The goal of almost any process improvement initiative is to shorten and amplify feedback loops so necessary corrections can be continually made.
The outcomes of the Second Way include understanding and responding to all customers, internal and external, shortening and amplifying all feedback loops, and embedding knowledge where we need it.
The Third Way is about creating a culture that fosters two things: continual experimentation, taking risks and learning from failure; and understanding that repetition and practice is the prerequisite to mastery.
Does this remind anyone of something else? Related to knowledge management, perhaps? KCS, maybe? Could you not say Use It, Flag It, Fix It, Add It about the rapid development of software?
What if there were rapid feedback loops to the other groups that produced almost immediate remediation and improvement?
What is the customer experience like if you have a fabulous service desk and crummy products? Have you ever bought something that was really substandard and gotten good service when you returned it?
Consider the Voice of the Customer. When you solicit feedback, listen to it, decide what to do about it, and then do that. Gathering information or data about how well you are doing is meaningless unless what you learn is being put into practice.

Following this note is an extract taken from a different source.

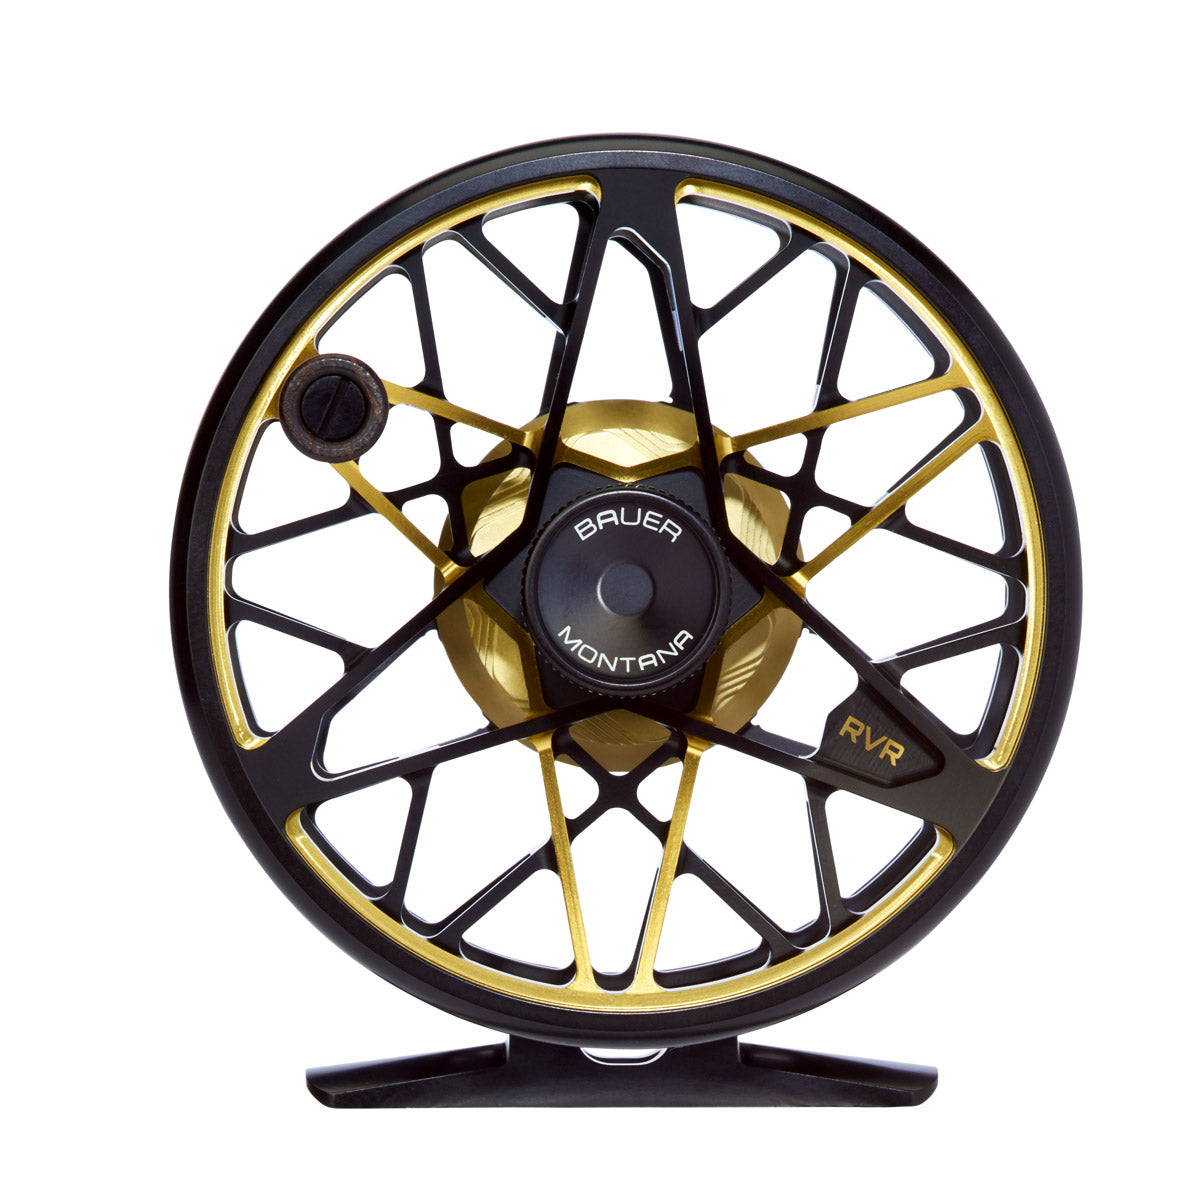 Bauer RVR Fly Fishing Reel Size 2/3 Wt Misc Bauer Fly Fishing

The culture of blame is prevalent in the world of service and support. Frank Zappa said, “Without deviation from the norm, progress is not possible.” I worked at a genetics laboratory for 10 years. I can tell you that without deviation from the norm, progress is not possible. So when someone goes off-script, makes a mistake, suggests something that doesn’t work out – you need to analyze what worked, what didn’t, and how to do it better next time, not say, it’s Bob’s fault, or chime in with Bart Simpson and say “I didn’t do it”.
It’s simple, but certainly not easy. It requires a large cultural shift—exactly the type of cultural shift DevOps is intended to accomplish.
Any framework or methodology is largely what you make of it, and none is going to solve every problem.